Upflows in funnel-like legs of coronal magnetic loops

TL;DR

This study investigates the nature of blue-shifted upflows in the quiet Sun's coronal magnetic loops, revealing their association with funnel-like magnetic structures, their role in mass supply, and their implications for coronal heating.

Contribution

It provides new insights into the magnetic structure of upflows, their relation to funnel-like loop legs, and the dominance of steady upflows over siphon flows in the quiet Sun.

Findings

Upflows are associated with funnel-like magnetic loop legs.

Mass flux in upflows is anti-correlated with funnel expansion.

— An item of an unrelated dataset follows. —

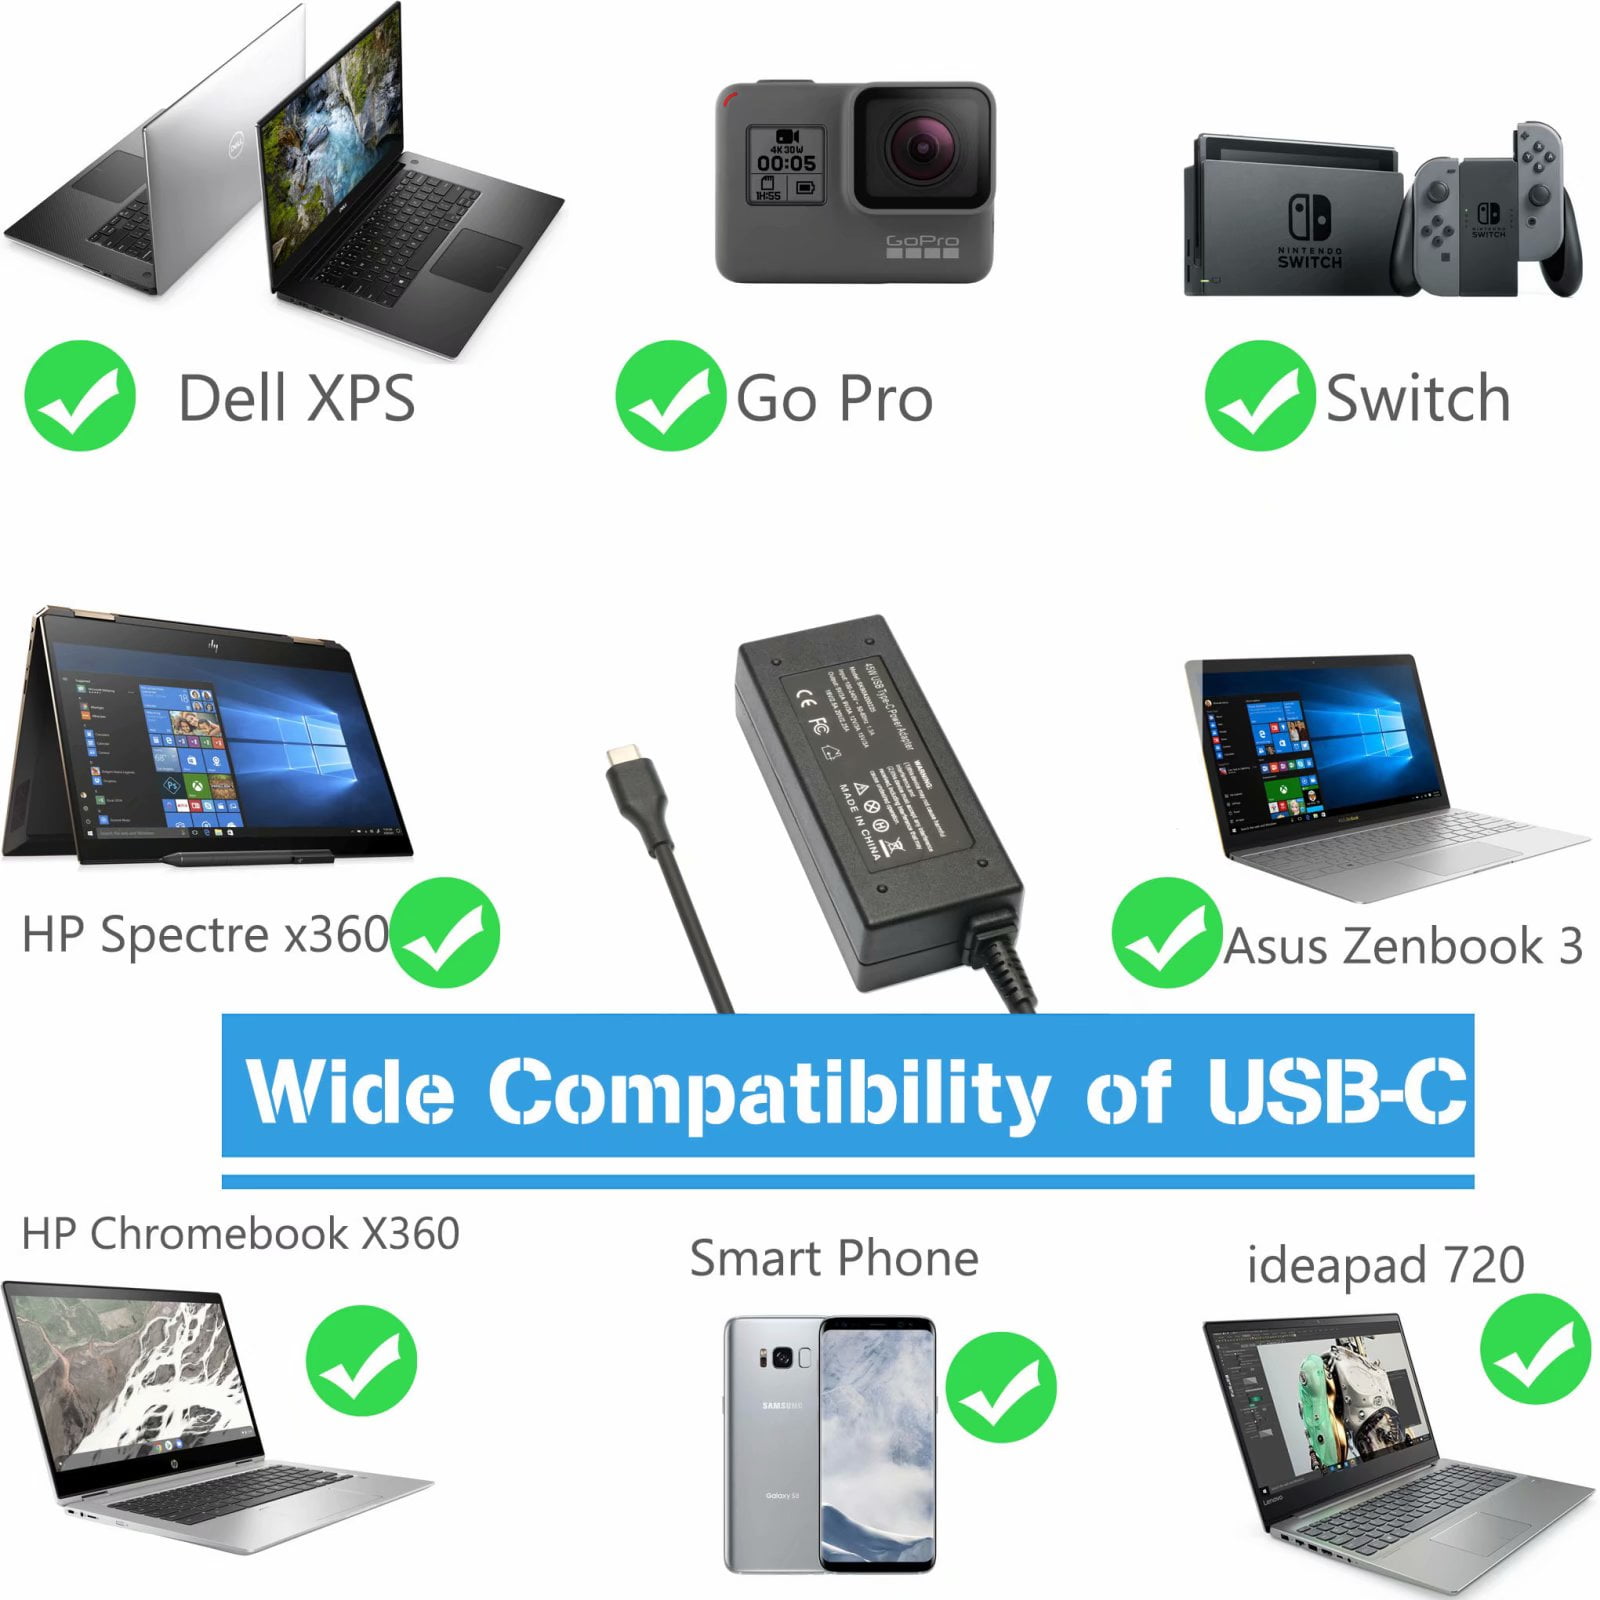 USB C Quick Charger, Type C Adapter Power Cord Asus Chromebook C302 C302C C302CA ZenBook Flip , Dell XPS, Thinkpad, Pixel Galaxy S10, LG, Nintendo switch Walmart.com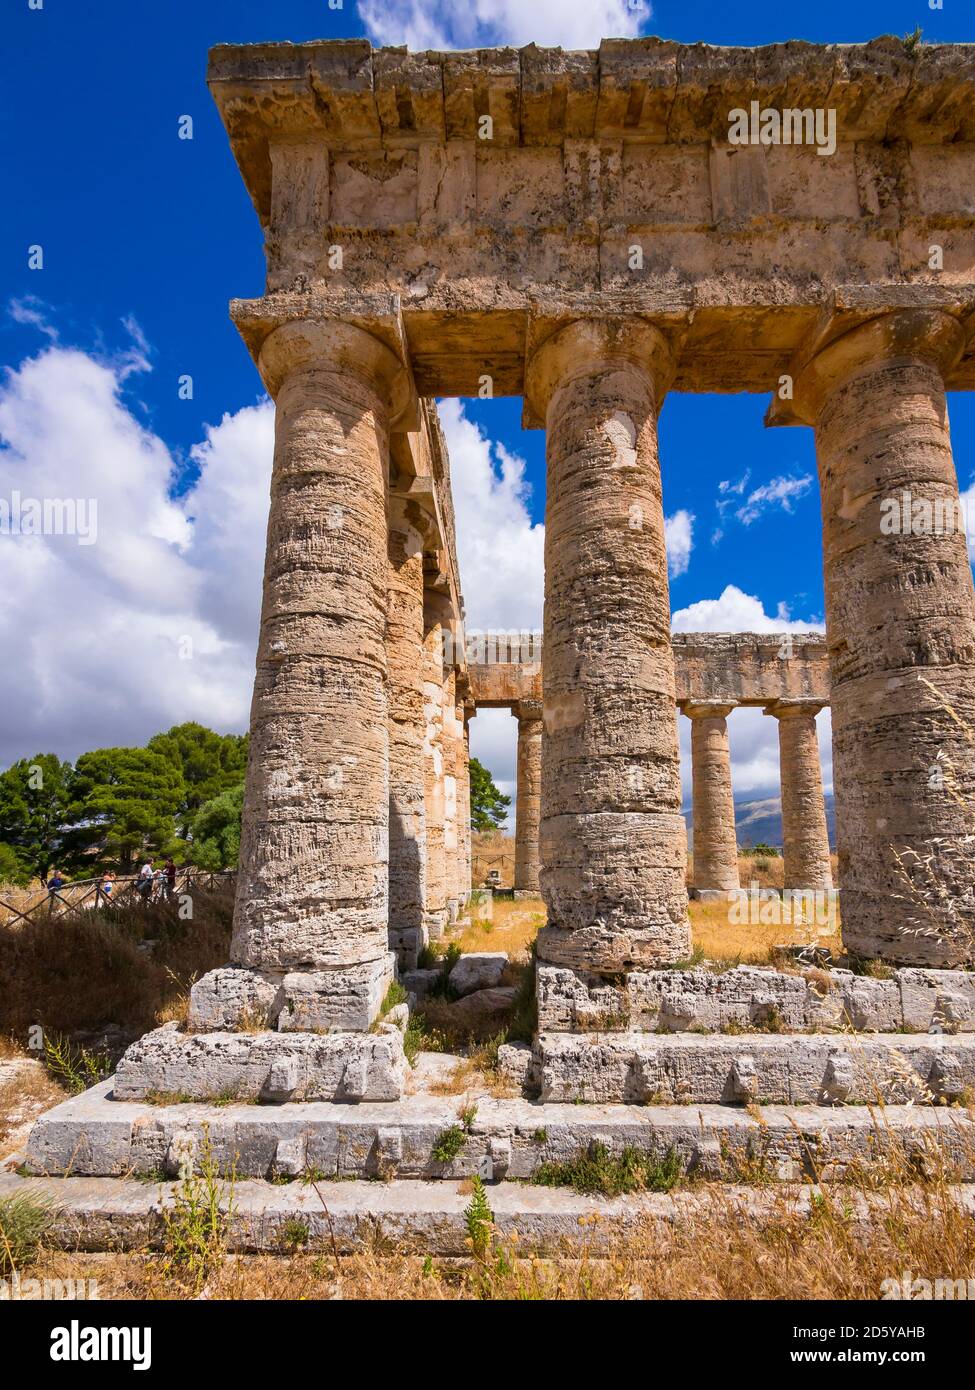 Italy, Sicily, Calatafimi, columns of the Doric temple of Segesta Stock Photo

A small-scale siphon flow was directly detected but likely unrelated to the main upflows.

Abstract

The prominent blue shifts of Ne viii associated with the junctions of the magnetic network in the quiet Sun are still not well understood. By comparing the coronal magnetic-field structures as obtained by a potential-field reconstruction with the conspicuous blue-shift patches on the dopplergram of Ne viii as observed in an equatorial quiet-Sun region, we find that most of the regions with significant upflow are associated with the funnel-like legs of magnetic loops and co-spatial with increments of the line width. These quasi-steady upflows can be regarded as the signatures of mass supply to coronal loops. By using the square-root of the line intensity as a proxy for the plasma density, the mass flux of the upflow in each funnel can be estimated. We find that the mass flux is anti-correlated with the funnel's expansion factor as determined from the extrapolated magnetic field. One of the loop systems is associated with a coronal bright point, which was observed by several instruments and exhibited various morphologies in different wavelengths and viewing directions. A remarkable agreement between its magnetic structure and the associated EUV emission pattern was found, suggesting an almost potential-field nature of the coronal magnetic field. We also report the direct detection of a small-scale siphon flow by both STEREO satellites. However, this transient siphon flow occurred in a weak mixed-polarity-field region, which was outside the adjacent magnetic funnel, and thus it is perhaps not related to plasma upflow in the funnel. Based on these observations, we suggest that at upper-TR temperatures the dominant flows in quiet-Sun coronal loops are long-lasting upflows rather than siphon flows. We also discuss the implications for coronal heating and unresolved magnetic structures.